A materialização do crime pressupõe a existência de uma autoria, de um dano ou prejuízo a outrem (vítima), e por fim as circunstâncias, diretas ou indiretas que envolvam tal conduta (vontade). Não se aprofunda aqui na discussão sob aspectos doutrinários jurídicos sobre o crime (teorias). O fato é que o ser humano sempre está a cometer crimes e vale-se de tudo aquilo que dispõe no tempo e no espaço, para tal finalidade maligna. Como instrumento do crime (material), o criminoso tem predisposição à utilização de armas, sejam próprias ou impróprias. Com o passar do tempo, esse mesmo criminoso também se atualiza na prática delituosa, acompanha o desenvolvimento tecnológico e através dessa nova ferramenta passa a utilizá-la para seus propósitos ilícitos. Surge uma nova modalidade de crime, os chamados crimes cibernéticos, também chamados de crimes virtuais, cibercrimes, praticados através do uso indevido da rede mundial de computadores. As modalidades criminosas dessa conduta se manifestam das mais variadas formas, como ameaças virtuais, racismo, fraudes, estelionatos, extorsão, sequestros, sejam diretos ou indiretos, entre outras condutas ilícitas.

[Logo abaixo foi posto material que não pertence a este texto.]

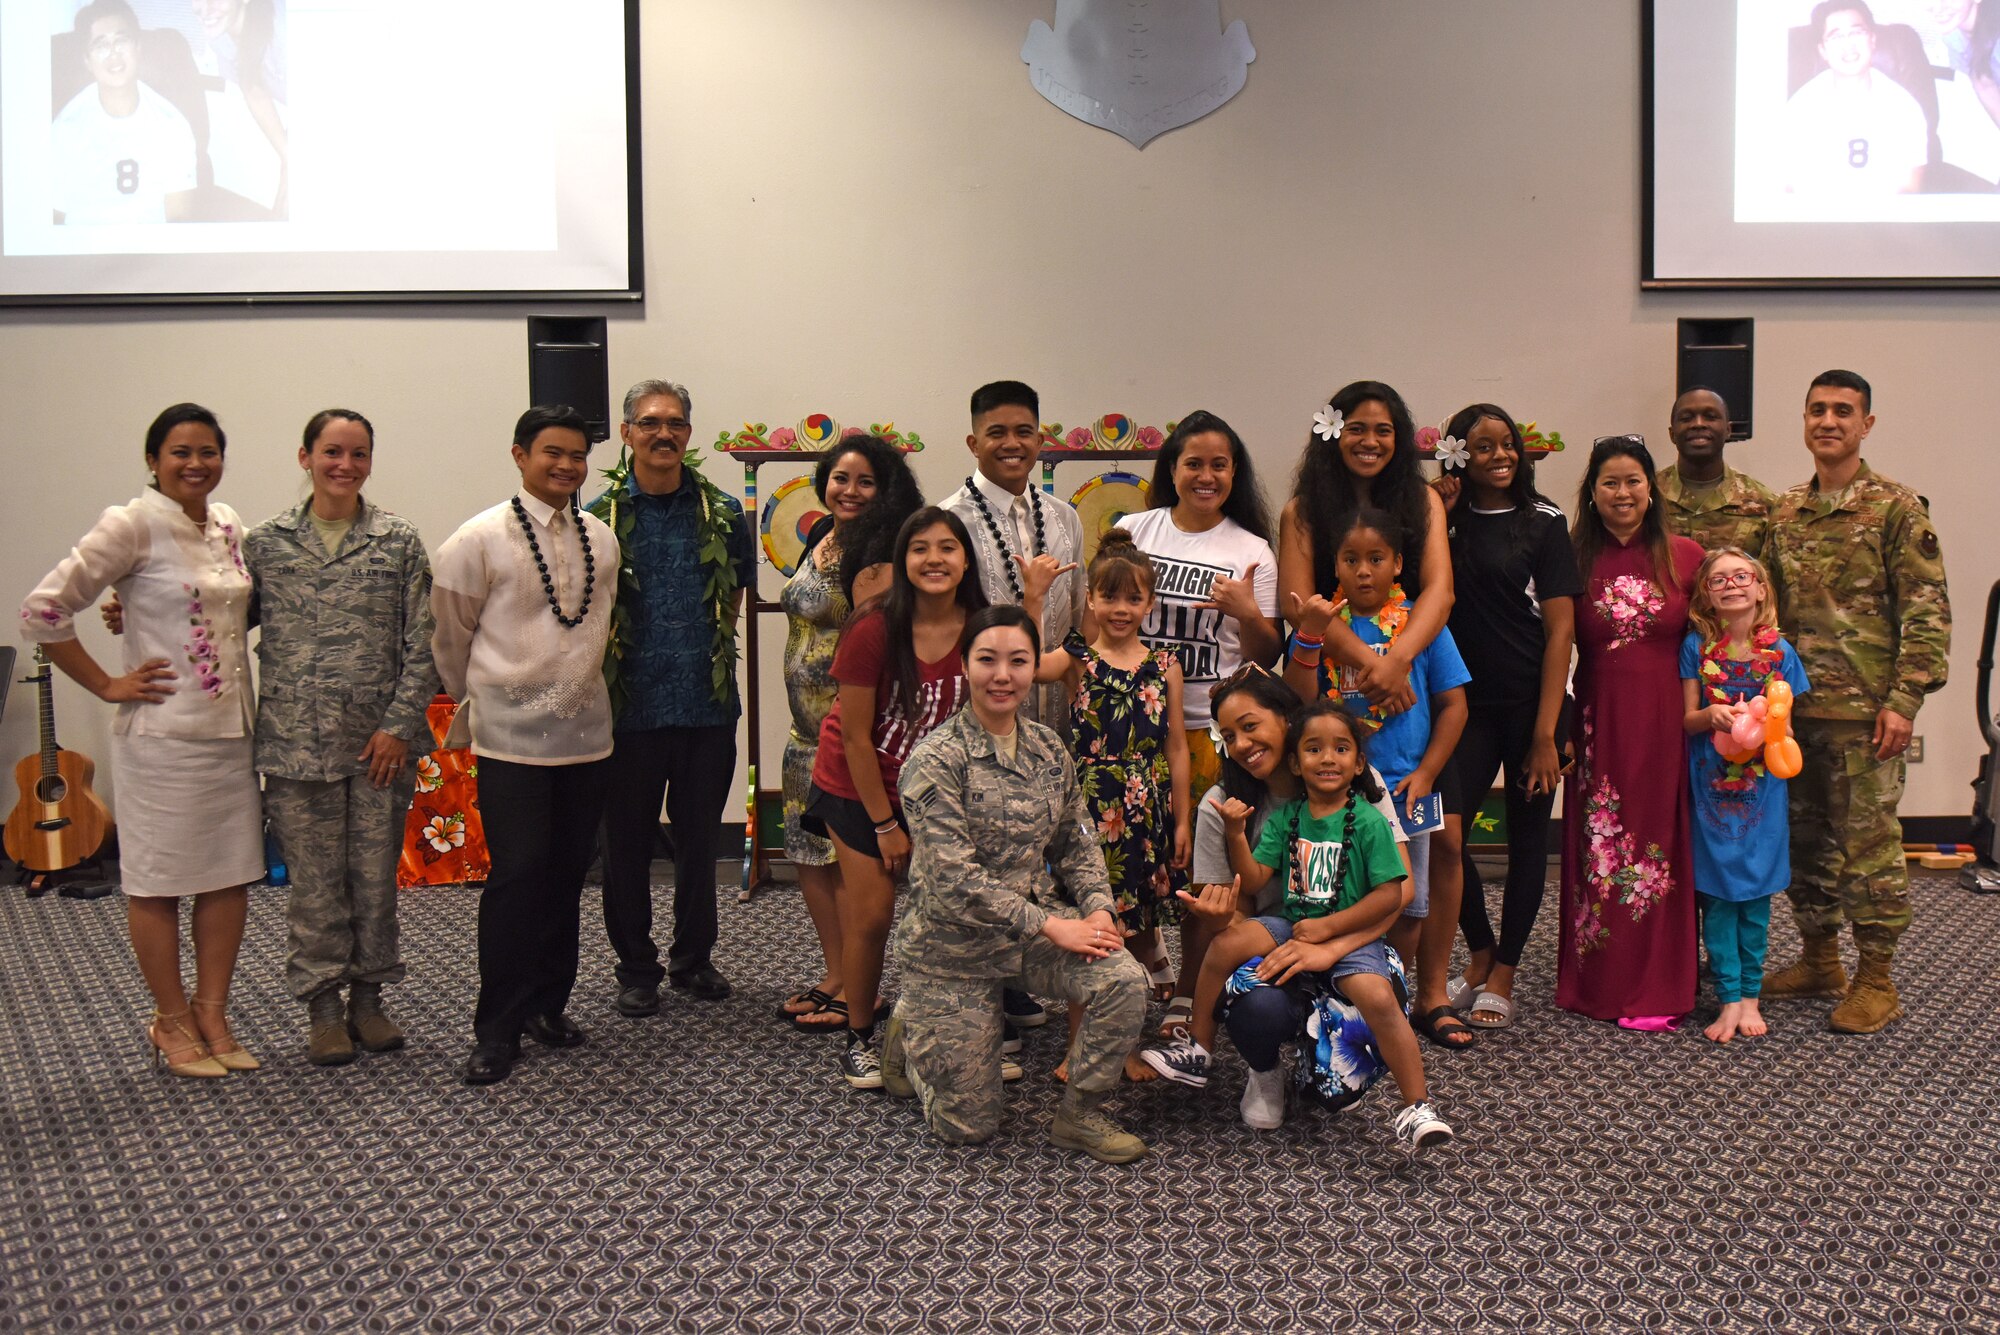 Participants and volunteers for the Asian American Pacific Islander Heritage Month Event take time before clean up for a group photo at the event center on Goodfellow Air Force Base, Texas, May 22, 2019. This was a final event in a series highlighting the service and sacrifices of the Asian Pacific Islanders throughout the United States. (U.S. Air Force photo by Senior Airman Seraiah Hines/Released)

A rede de informática vem sendo utilizada para práticas de crime desde a sua implantação no pós-guerra, quando da criação do primeiro computador. Desde então, esse tipo de crime tem se alastrado na mesma proporção em que a internet se populariza. Uma das causas levantadas para o aumento desse tipo de crime seria o anonimato que a prática do delito proporcionaria ao criminosos. Resultado de uma experiência psicológica da Prisão de Stanford – 1971, realizada para analisar o comportamento humano social de indivíduos voluntários numa situação de cárcere, concluiu-se que a ação realizada através de grupos inibiria a consciência de censura individual, propiciando uma certa liberdade e grau de maldade para o cometimento de crimes graves. Apesar de não ocorrer o anonimato, a violência praticada pelo grupo decorre da suposta perda de personalidade das pessoas.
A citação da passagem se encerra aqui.